Рабин не философ, и, как бы его ни упрекали в 1960—1970-е годы в искажении действительности, на самом деле в истории искусства советского времени трудно найти художника, тематика и эстетика произведений которого была бы настолько реалистичной и автобиографичной, как это было у Оскара Рабина. Его отношение к документам сформировалось не под влиянием тех или иных мыслителей-антиэтатистов (он едва ли читал хоть кого-то из них), но под воздействием неприкаянности и голода, вызванных отсутствием «бумажек». «Пока мы живем на земле, нашу личность удостоверяют бумаги», но для Оскара Рабина значимы только те из них, которые определяли его жизнь в годы отрочества и юности. «Когда я получил французское гражданство, то думал – вот и тут я напишу паспорт.

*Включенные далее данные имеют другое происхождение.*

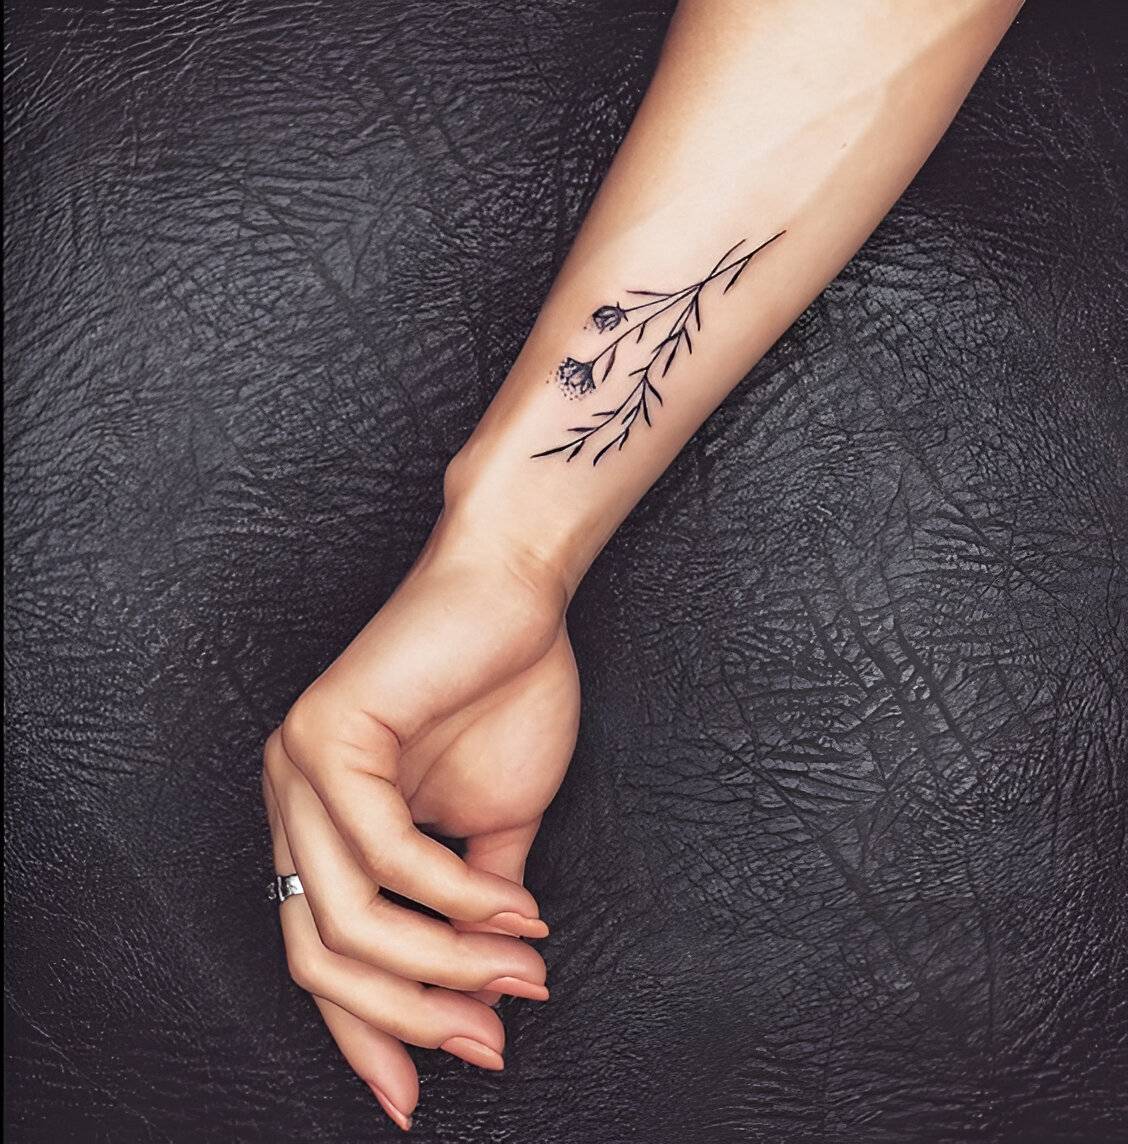 27 Stunning Forearm Tattoos To Vamp Up Your Femininity 16

И знаете, ничего не получилось, – рассказывал он в одном интервью. – Потому что французский паспорт – просто формальная бумажка, за которой ничего не стоит – ни трагедии человеческой, ни притеснений. Коли она у тебя есть, ты просто гражданин Франции и ты все имеешь. И такую бумажку мне было просто неинтересно рисовать…» 16«У меня два паспорта, если говорить о документах, а на картинах – только русский, советский. Пытался рисовать французский паспорт, но ничего не получается – едва ли не сокрушался он в другом. – Почему? За ним не стоит ничего. Бумажка – и больше ничего. А за советским – судьба всего народа. Без этой казенной бумажки я был словно преступник. Тема драматическая, благодарная…» 17
Как представляется, образованные искусствоведы искали ключи к пониманию творчества О.Я. Рабина не совсем там, где их стоило бы искать: они то утверждали, что его живопись «зиждется на заостренной почти до карикатуры эстетике авангардистов из “Бубнового валета”» 18, то декларировали, что «его искусство – это такой “Бубновый валет”, лишенный его буйной радости, мрачный “Бубновый валет”» 19. Если к картинам О.Я. Рабина и можно протянуть те или иные связующие нити от произведений российских художников, то от полотен А.В. Куприна или Р.Р. Фалька, а не от т.н. «соцреалистов», К.С. Малевича или других адептов абстрактного искусства. Но и эти связи представляются надуманными: если бы О.Я. Рабин искал, под чье «передовое» влияние попасть, его искусство не было бы таким внутренне целостным на протяжении вот уже полувека, за которые он утвердился именно как самобытный, ни на кого не похожий художник, раскрывающий в своих произведениях не эстетические принципы, а собственную судьбу в контексте судьбы своего круга и своего поколения. В беседе с Андреем Ерофеевым Оскар Рабин обозначил это предельно четко, и, думается, что эти слова могут быть вынесены в качестве эпиграфа, объясняющего сущностные истоки творчества художника: «После смерти Сталина жизнь, пробив асфальт и вылезая наружу, внешними формами и эстетическими направлениями не занималась. Не до этого было. Важнее всего было осознать и понять свою человеческую личность, свою личную эстетику, личную способность к творческому выражению – а в какой форме, к какому направлению это можно будет отнести, было несущественно. Любая форма, которая пришлась под руку, использовалась. Нам надо было прокричать свое, а что под руку подвертывалось, абстрактный ли, экспрессионистический ли прием, какие материалы, это было вторично» 20. Рабину не была важна форма, он никогда не рисовал «композиций № 7» и не стремился подражать геометрическому абстракционизму, уделяя все внимание своему «чувству реальности» и запечатлевая на своих полотнах то, что составляло окружавший его мир. Какова бы ни была его палитра, какие бы художественные течения и доктрины ни вспоминались на его выставках, Оскар Рабин – подлинный и последовательный социальный реалист, который пишет лишь то, что было пережито им. Он рисует на своих портретах людей, бывших ему родными и близкими, и тот паспорт, отсутствие которого едва не стоило ему жизни.
Рига, однако, не стала для молодого О.Я. Рабина, пусть и с паспортом в кармане, родной. Через два года он вернулся в Москву – к тому, кого он еще в отрочестве выбрал своим главным Учителем, кто позднее стал его тестем и с чьей дочерью он прожил 58 гармоничных лет. Возвращение стало правильным решением, оказавшим судьбоносное влияние на всю последующую жизнь О.Я. Рабина, но и по прошествии шести с половиной десятилетий он не может объяснить свой поступок: «Но почему-то знаете, это трудно словами объяснить, но почему-то вдруг меня потянуло обратно в Москву, а тут еще Генрих [Сапгир] приехал туда. Мы с ним там ходили, разговаривали. Я так на недельку съездил в Москву, посмотрел, уехал обратно в Ригу, и не выдержал там уже больше. Потом плюнул на все, бросил, приехал в Москву, поступил грузчиком работать, нет, не грузчиком, я сначала в Суриковский [институт] поступил» 21.